Our study sample size is relatively limited and does not allow for split-sample validation. Independent validation of our ACN prediction models is needed.

Strengths

Our study represents the first effort to incorporate nSES into ACN risk prediction. The results from this study strongly suggest that failure to take into account neighbourhood deprivation in ACN risk prediction may lead to biased risk assessment and further worsen health disparities for those living in disadvantaged communities.
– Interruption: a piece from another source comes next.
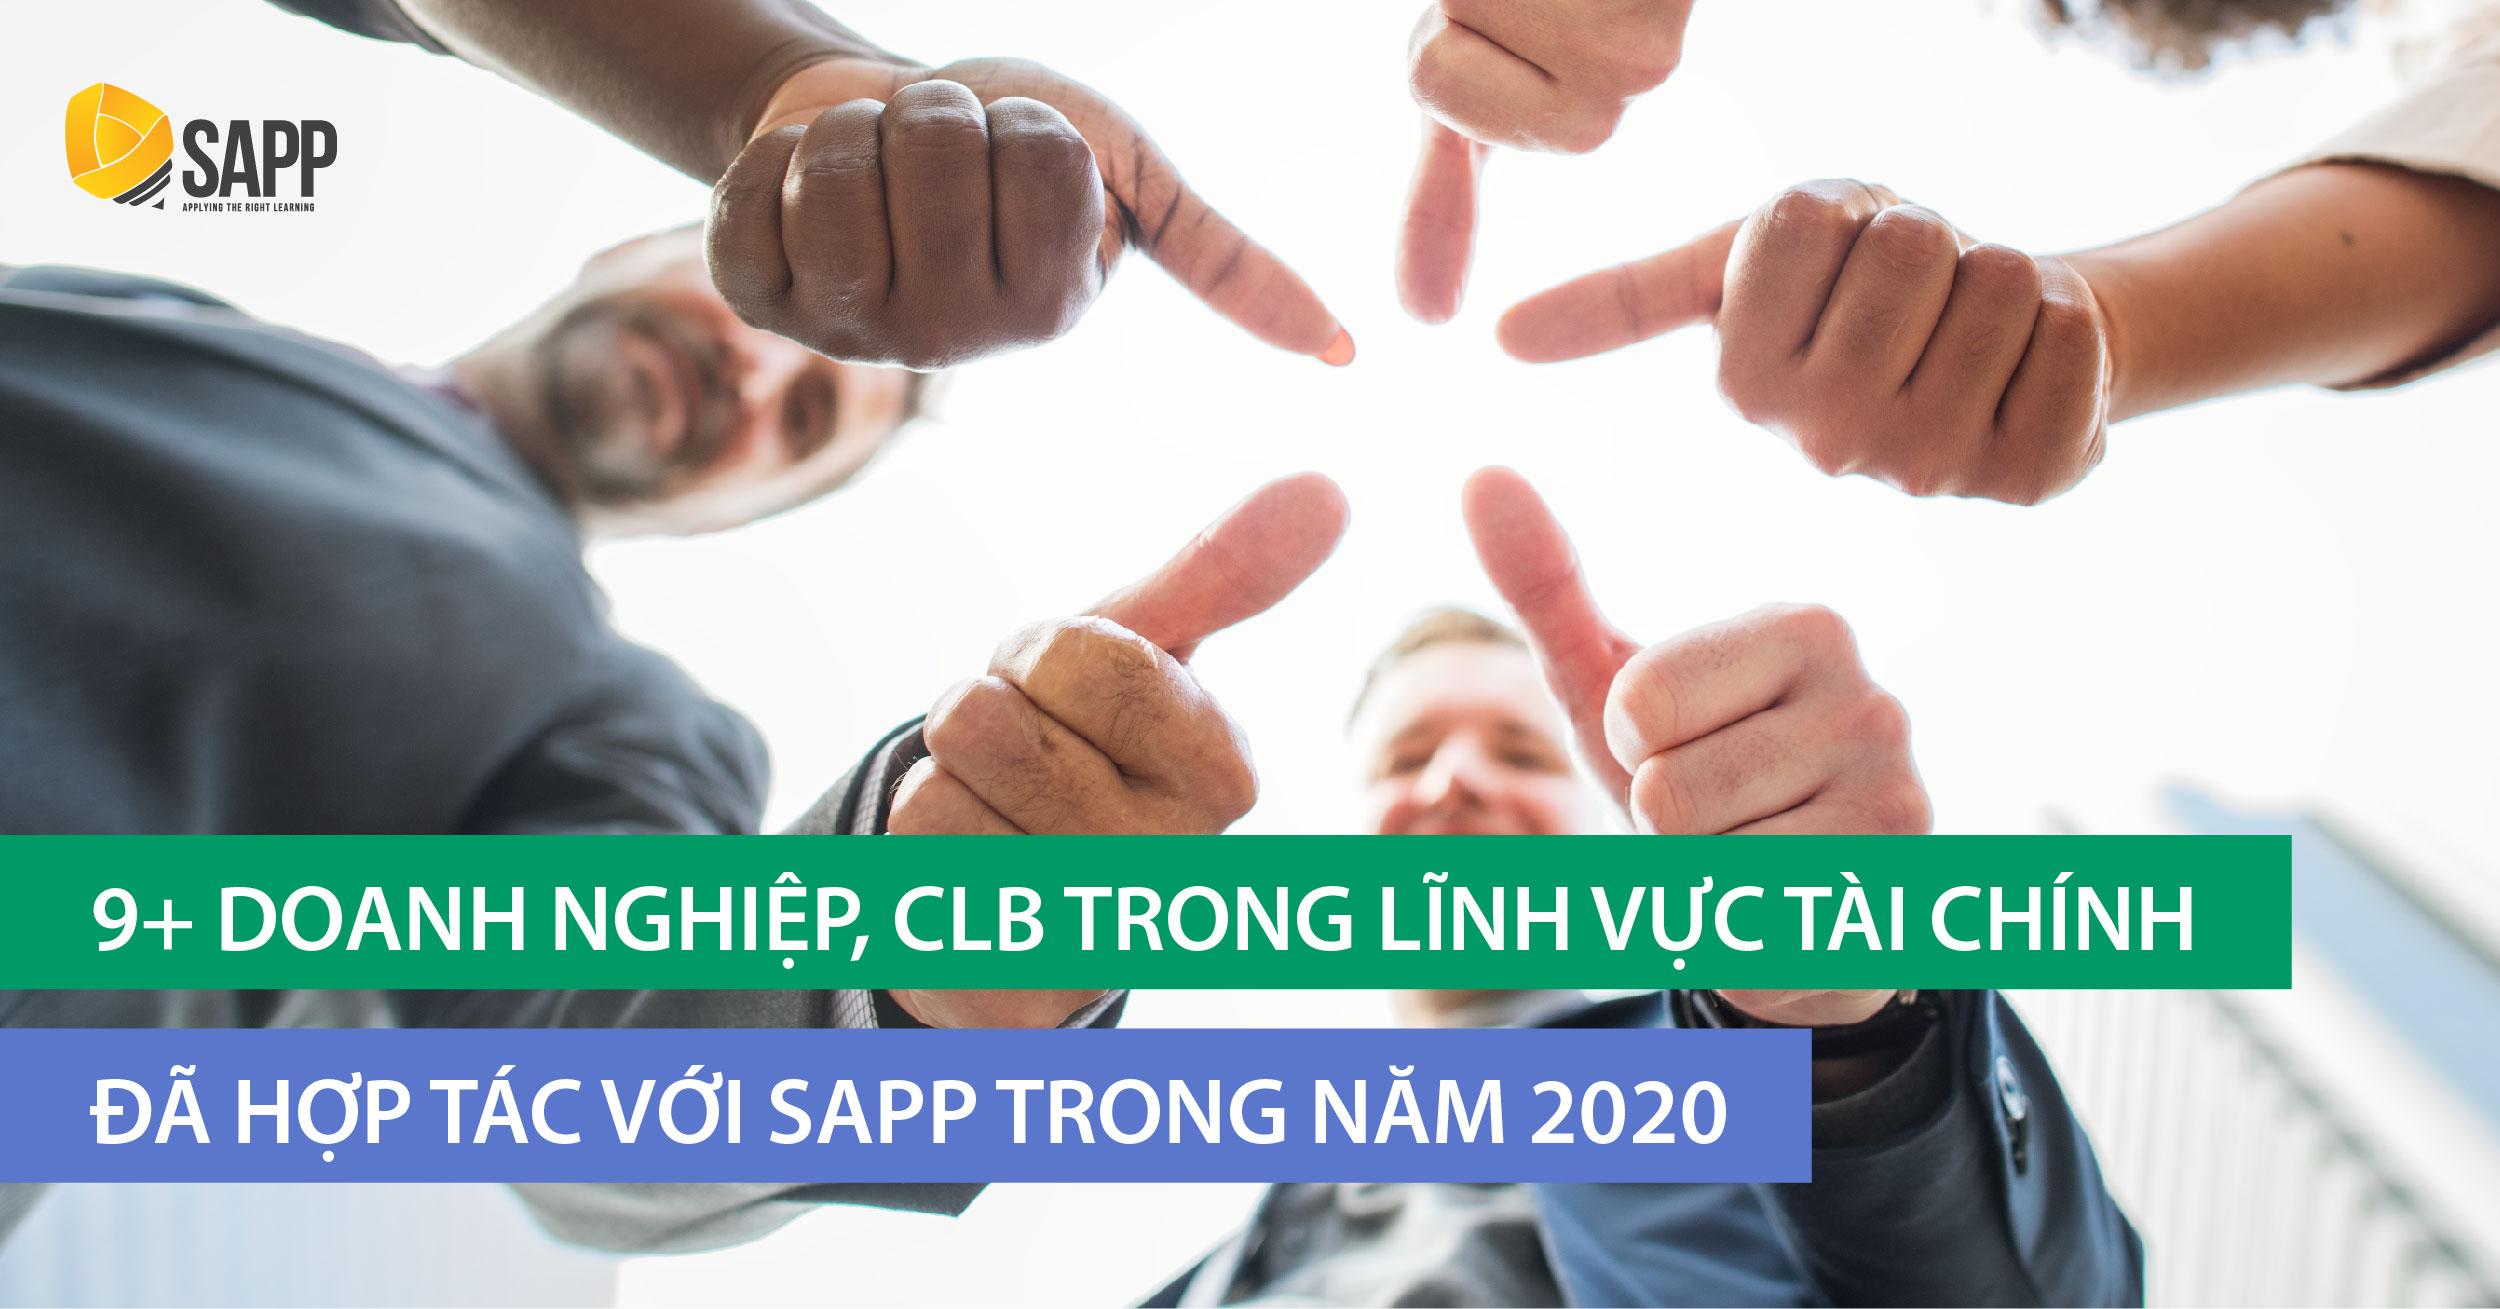 9+ Doanh nghiệp, CLB Đầu tư - Tài chính hợp tác với SAPP Academy 2020
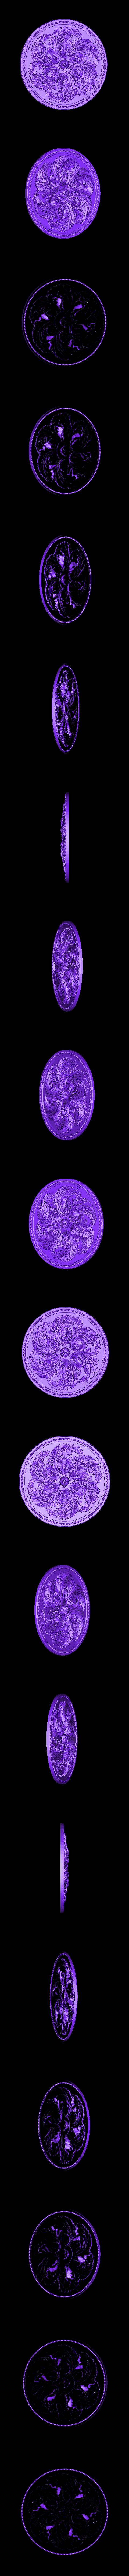 46.obj Télécharger fichier OBJ gratuit Moulures vintage pour vieux appartements classiques cnc art machine à router 3D printed • Modèle à imprimer en 3D, 3DPrinterFiles

This insight may help to guide future research and potentially influence targeted prevention policies for colorectal neoplasia.

Conclusion

Our results suggested that nSES is an important predictor of ACN. Inclusion of ADI in ACN risk prediction for EAs improved prediction accuracy for both those from disadvantaged neighbourhood and those from affluent neighbourhood. In addition, there is no one-fit-all ACN prediction models for all races, race-specific ACN prediction models are needed for precision ACN prediction across diverse racial populations.